● Problem to solve:
Below this line are records; write out exactly the lines from the one containing "Read online Captain" through the one containing "Happy Birthday Lathikan", with the pictures left out.

● Entries shown:
• • • •

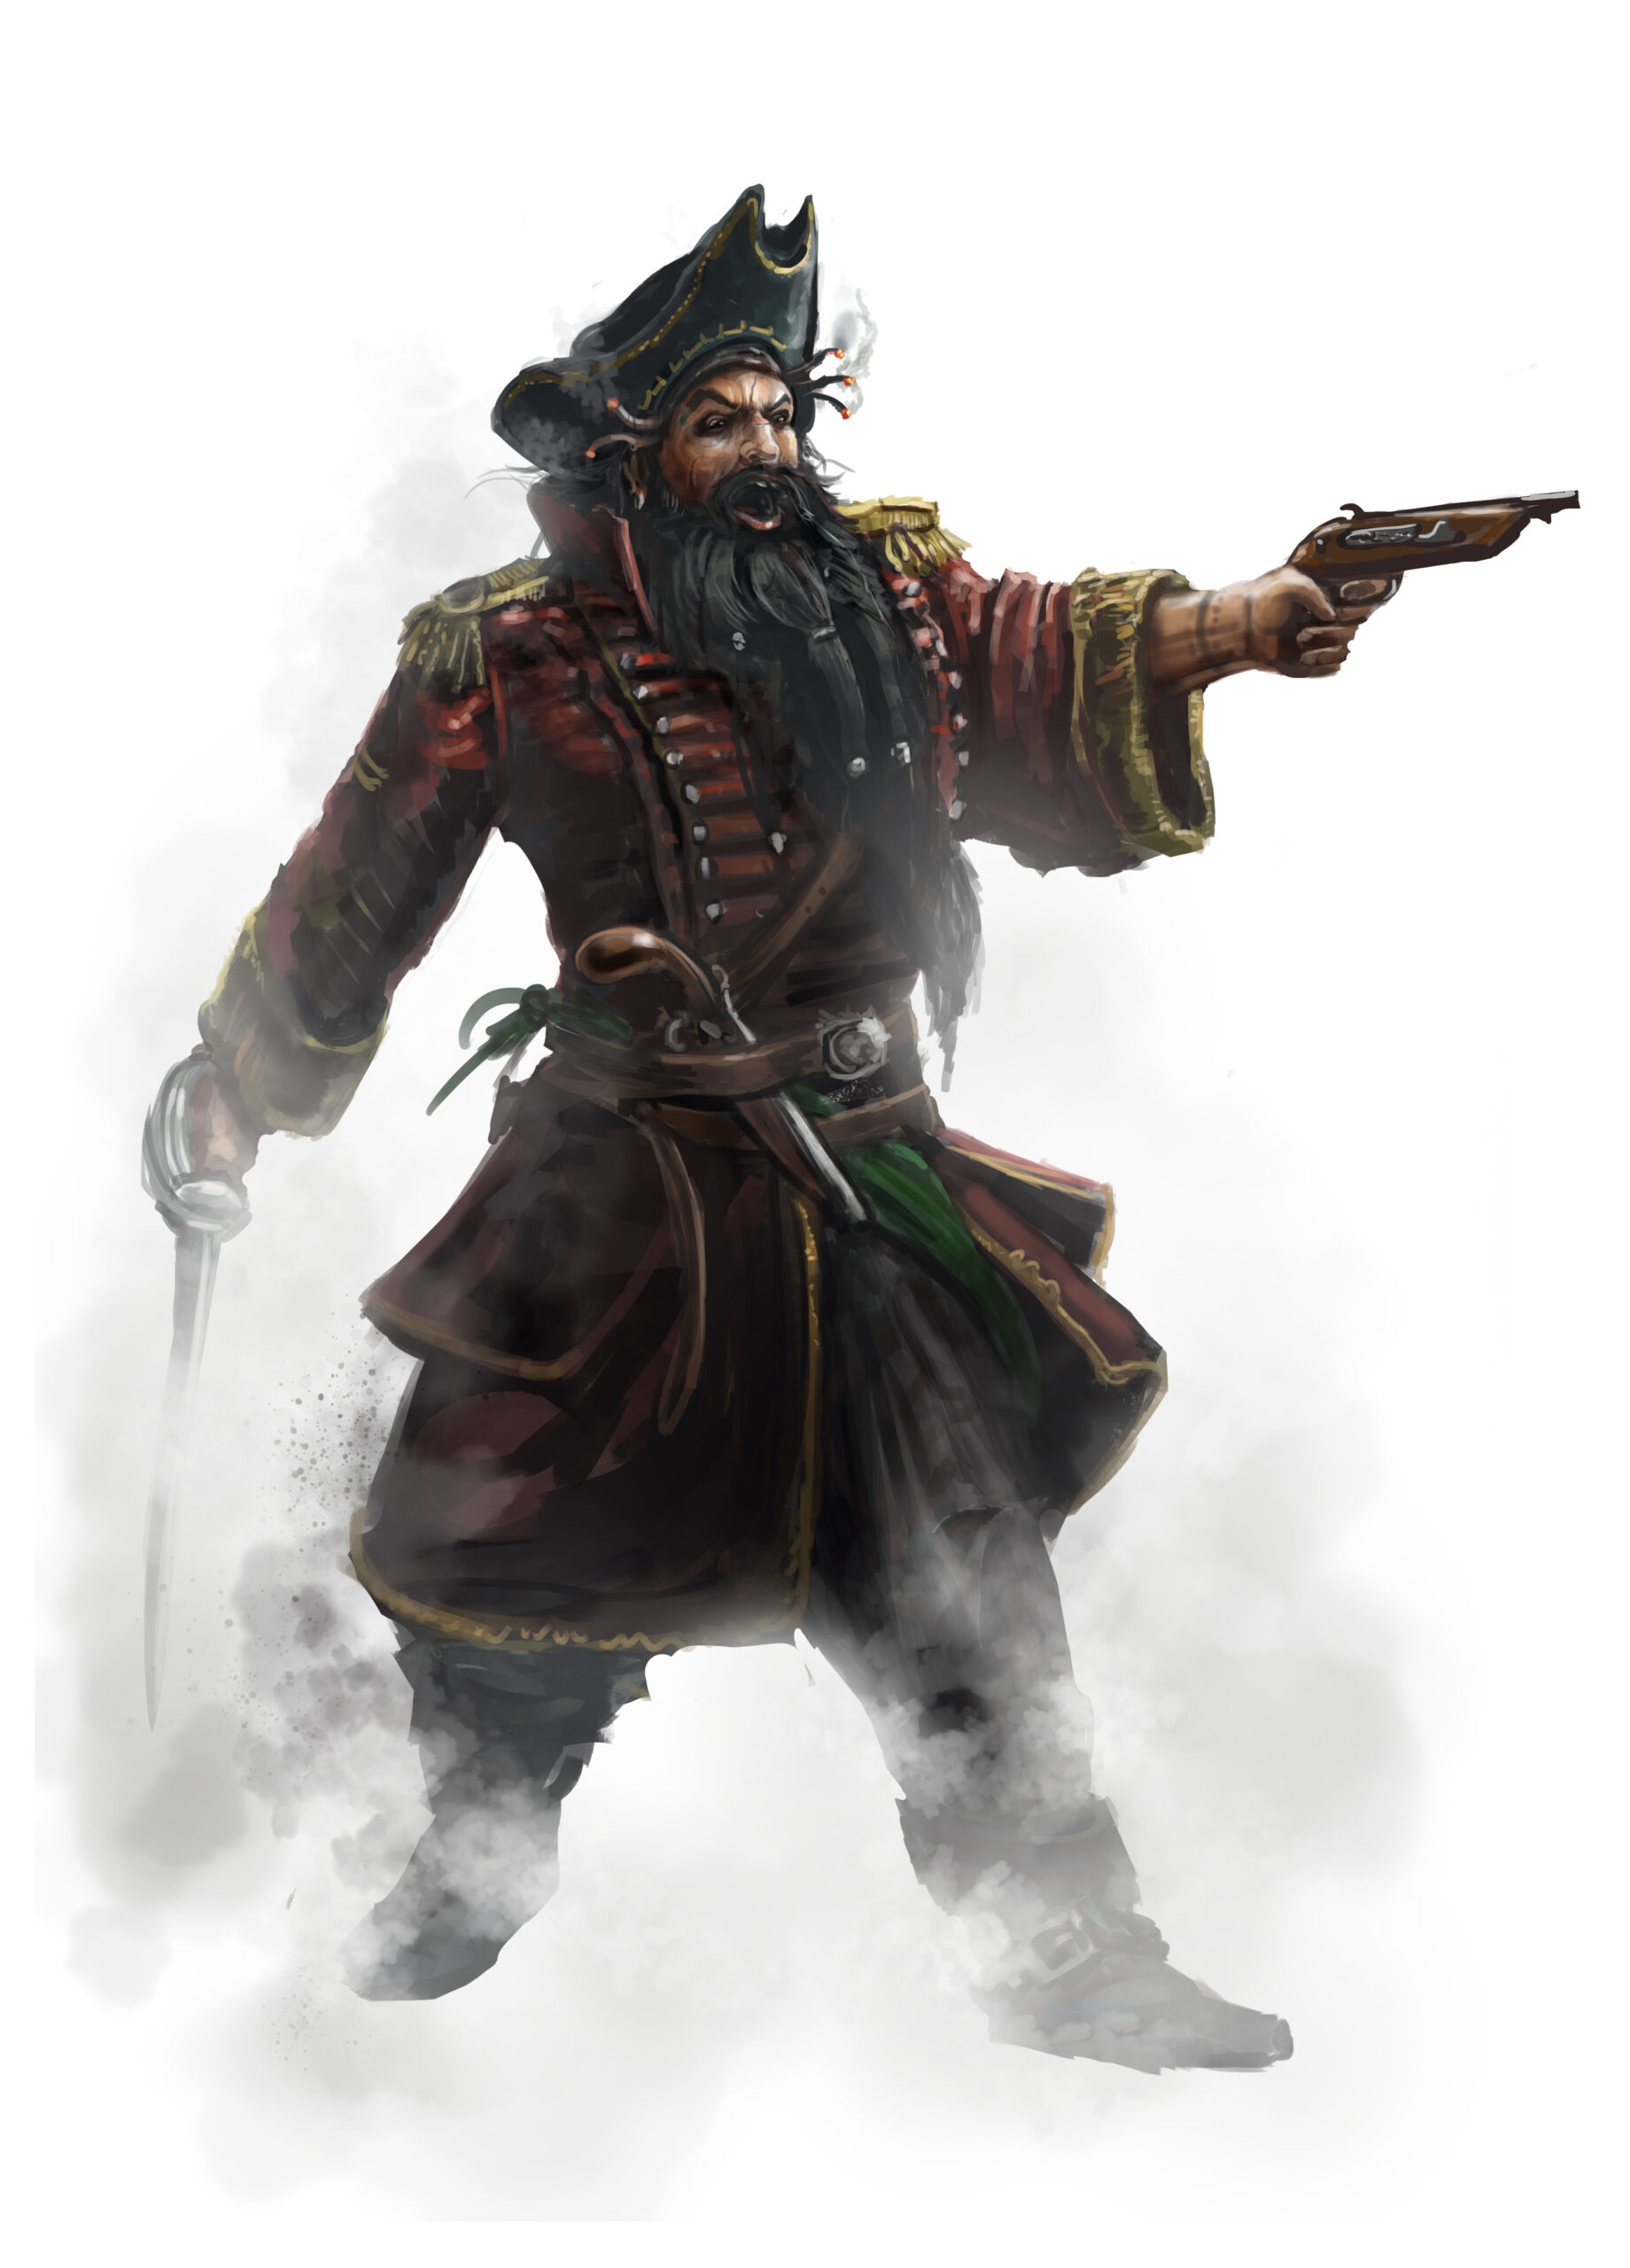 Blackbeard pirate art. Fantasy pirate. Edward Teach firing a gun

• • • •

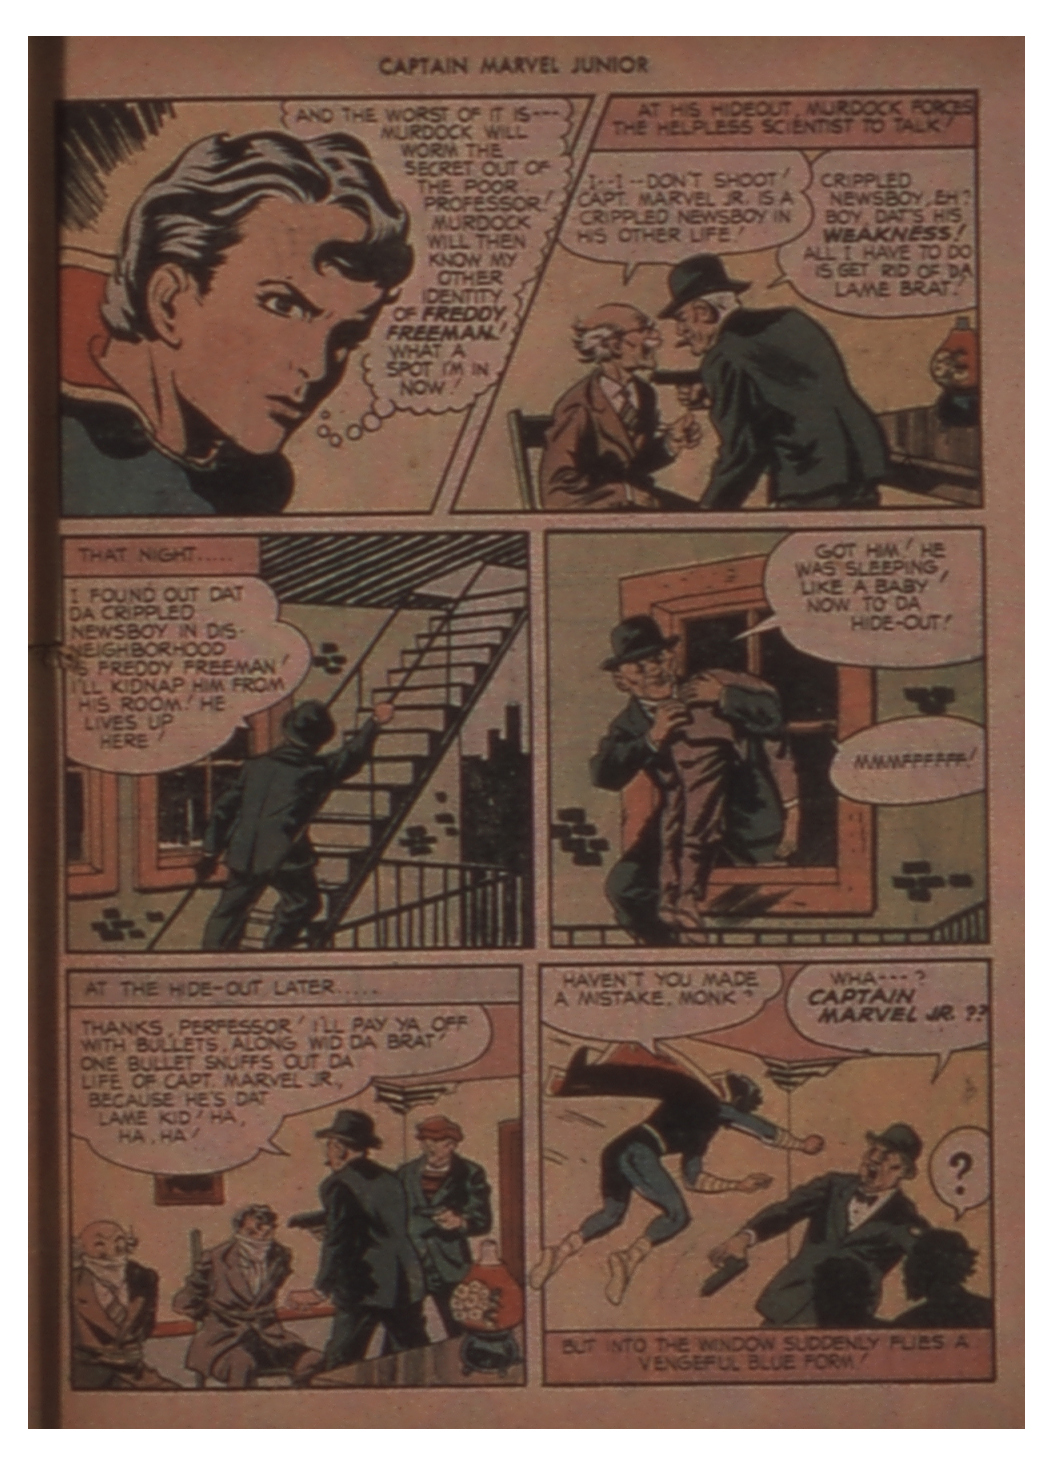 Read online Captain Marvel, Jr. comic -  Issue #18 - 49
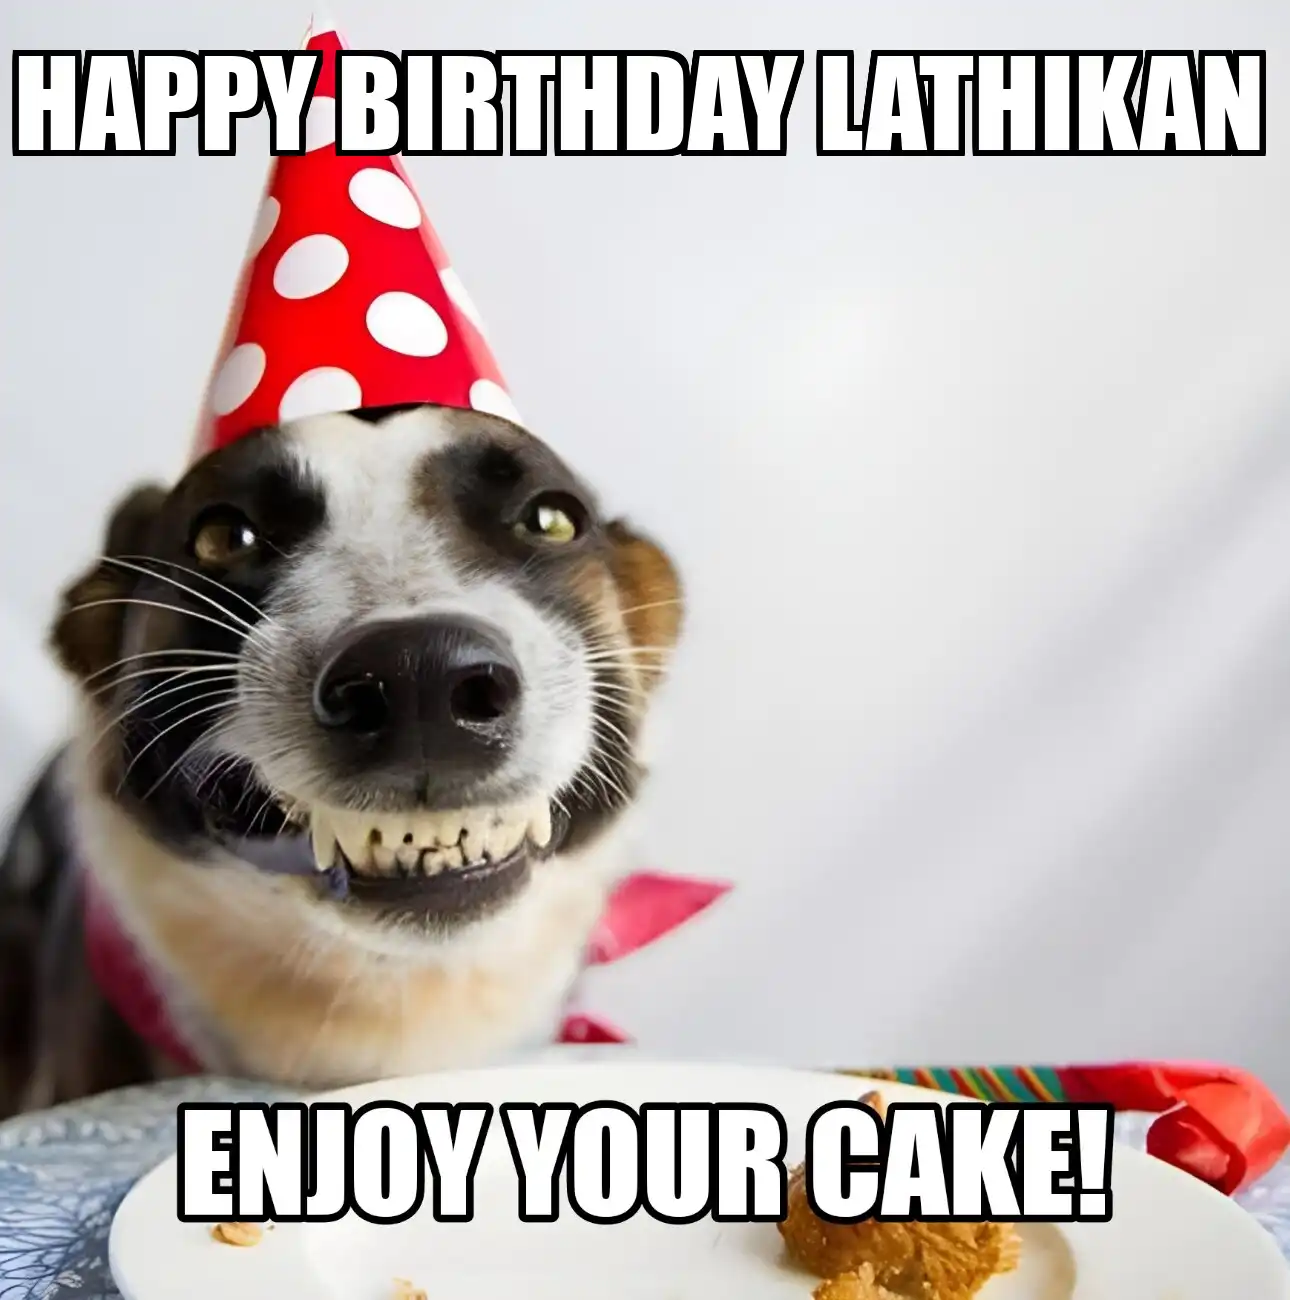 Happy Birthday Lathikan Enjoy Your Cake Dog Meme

• • • •

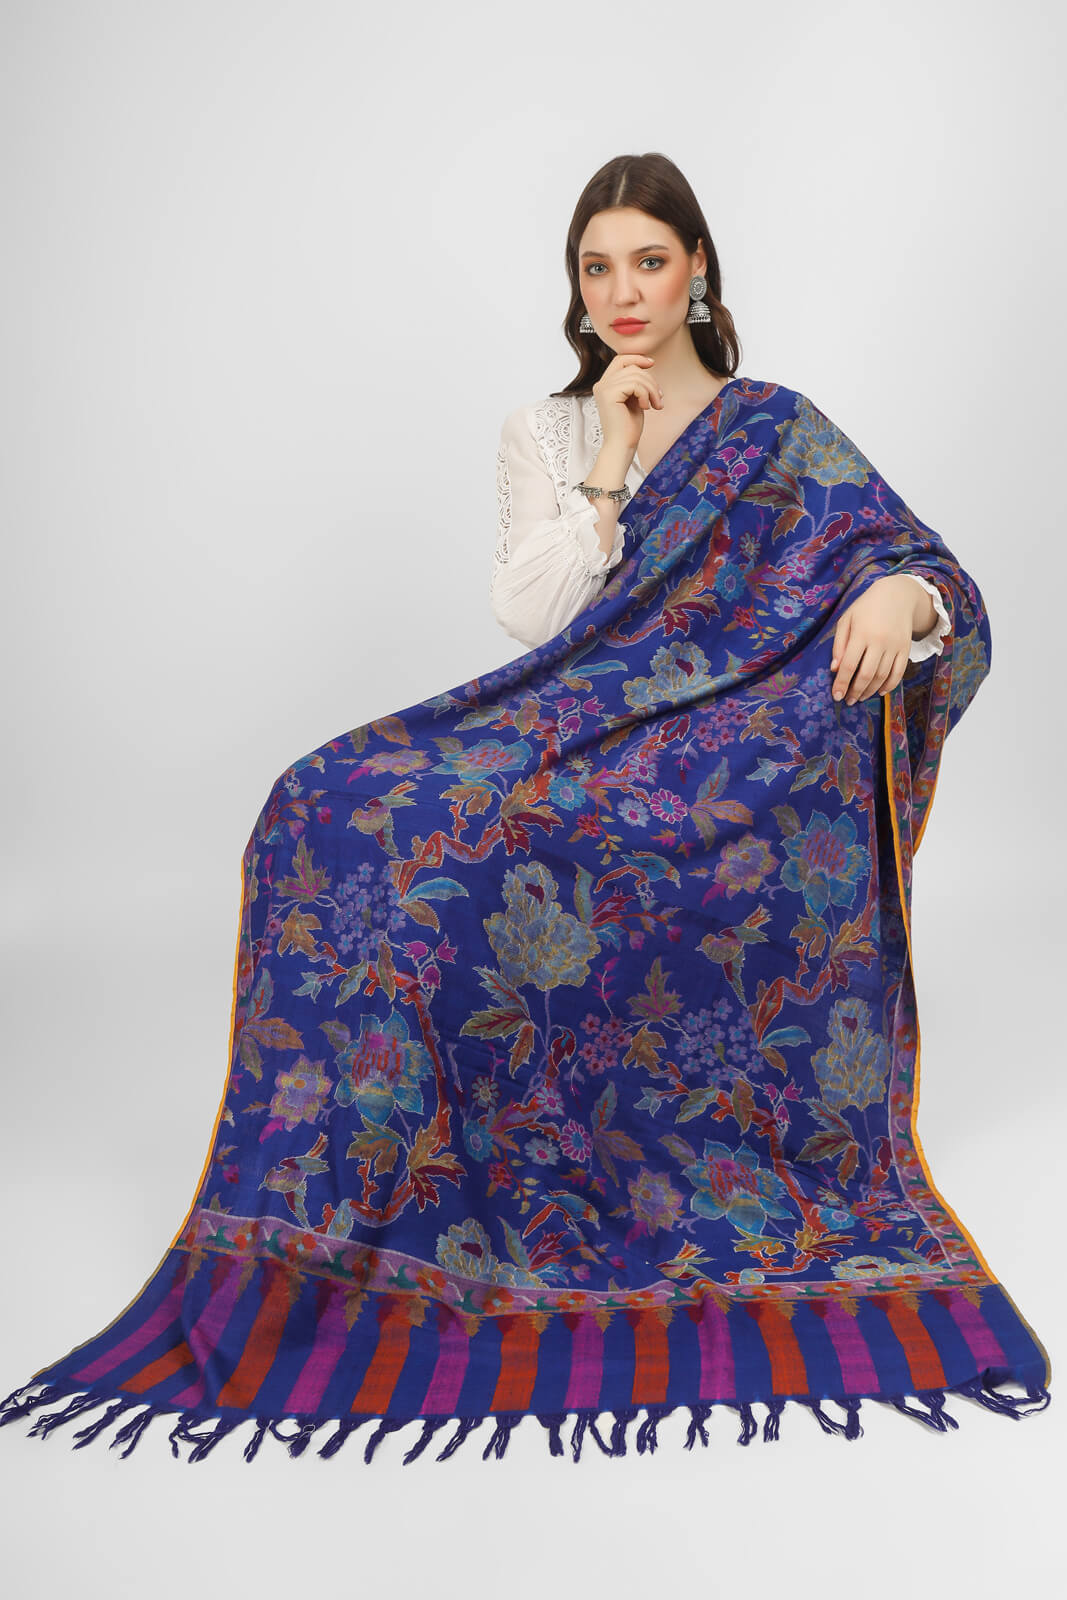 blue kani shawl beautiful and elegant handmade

• • • •

● Reply to the task:
 Read online Captain Marvel, Jr. comic -  Issue #18 - 49
 Happy Birthday Lathikan Enjoy Your Cake Dog Meme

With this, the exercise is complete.